Now that we know how to fork state and add path formula, we can fork state after block-2, and symbolically execute block-3 and block-4.

graph-4.png

States:
  State-0:
    Location: After block-1
    Variables: {a = A, b = B, C = 30}
    PathFormula = {A < 10}
  State-1:
    Location: After block-3
    Variables: {a = A, b = B, C = 0}
    PathFormula = {A >= 10 AND B != 0xdeadbeef}
  State-2:
    Location: After block-4
    Variables: {a = A, b = B, C = 100}
    PathFormula = {A >= 10 AND B == 0xdeadbeef}

And finally, we execute all symbolic states forward until the function ends.

graph-0.png

States:
  State-0:
    Location: After block-5
    Variables: {a = A, b = B, C = 30}
    PathFormula = {A < 10}
  State-1:
    Location: After block-5
    Variables: {a = A, b = B, C = 0}
    PathFormula = {A >= 10 AND B != 0xdeadbeef}
  State-2:
    Location: After block-5
    Variables: {a = A, b = B, C = 100}
    PathFormula = {A >= 10 AND B == 0xdeadbeef}

We are left with three states, with three different sets of path formulas:

  • A < 10
  • A >= 10 AND B != 0xdeadbeef
  • A >= 10 AND B == 0xdeadbeef

These 3 path formulas accurately and completely describe which values our inputs must have in order to traverse all of the paths in this program.

The formulas can then be solved to find particular values for variables that make the formula true. Mayhem uses an SMT (Satisfiability Modulo Theory) solver, which can reason about machine-level representations of numbers. Given a formula, the SMT can return either:

  • SAT with an example value for each variable. By construction of the formula, each value is an input to the program.
  • UNSAT saying there is no satisfying answer.

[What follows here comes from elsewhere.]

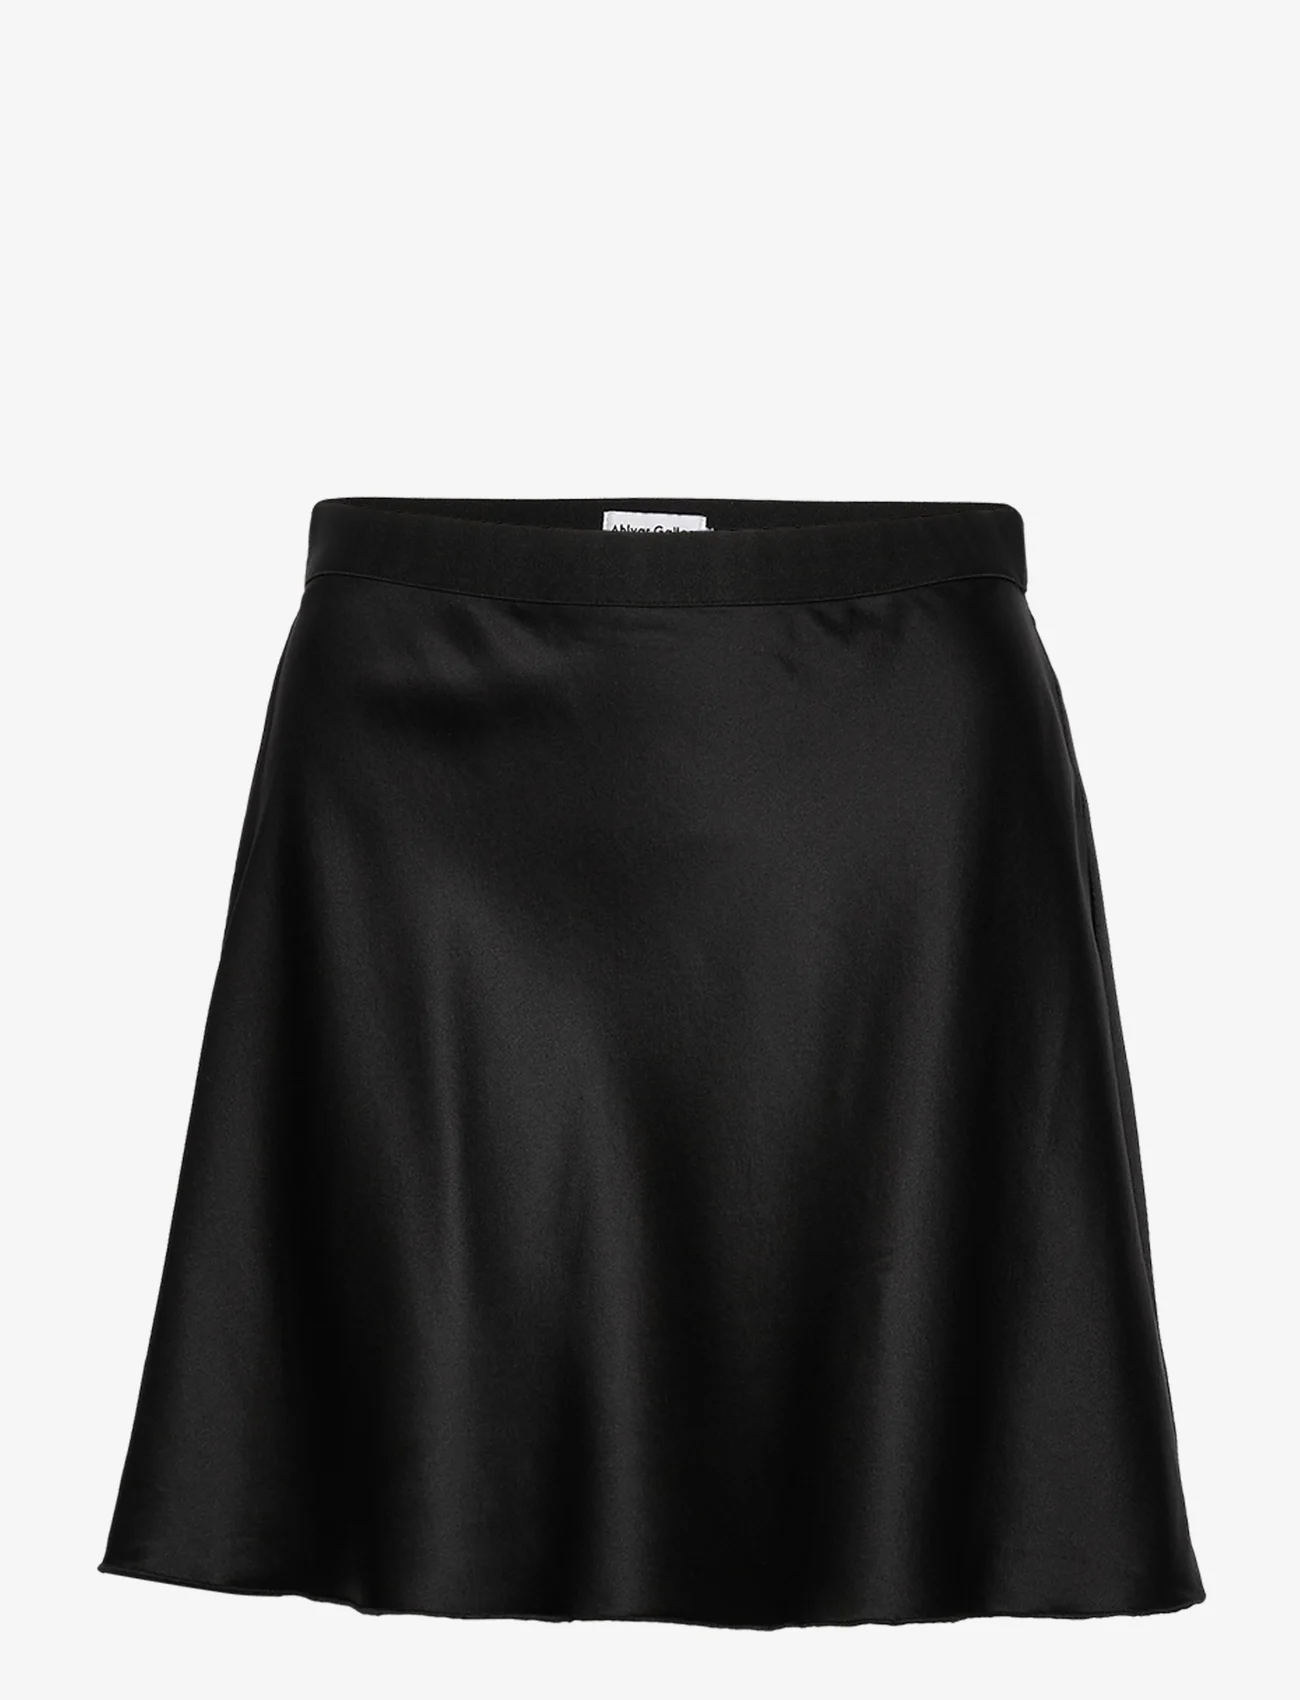 Ahlvar Gallery - Hana short skirt - korte skjørt - black - 1

For example, the formula A and NOT A is unsatisfiable.
  • Not terminate. SMT's are at least NP-hard, and may not terminate in the timeout provided.

In an example run, here are three example SAT solutions:

  • A < 10 -> {A = 5}
  • A >= 10 AND B != 0xdeadbeef -> {A = 20, B = 0}
  • A >= 10 AND B == 0xdeadbeef -> {A = 15, B = 0xdeadbeef}

In this example, symbolic execution was able to discover that B = 0xdeadbeef in fewer steps than random fuzzing.

Combining Fuzzing and Symbolic Execution

Mayhem combines best-of-breed coverage-guided fuzzing with an advanced symbolic executor to quickly discover inputs which test more code, and find bugs faster. Mayhem accomplishes this by sharing inputs between its fuzzer and symbolic executor.

The symbolic executor takes inputs from the fuzzer, follows the same path as described by the input up to a certain point, and then uses symbolic execution to fork and discover new inputs which traverse edges our fuzzer has a hard time reasoning about. Likewise, the fuzzer can take inputs from the symbolic executor, and quickly modify them to test the program and explore new blocks which are easy to reach.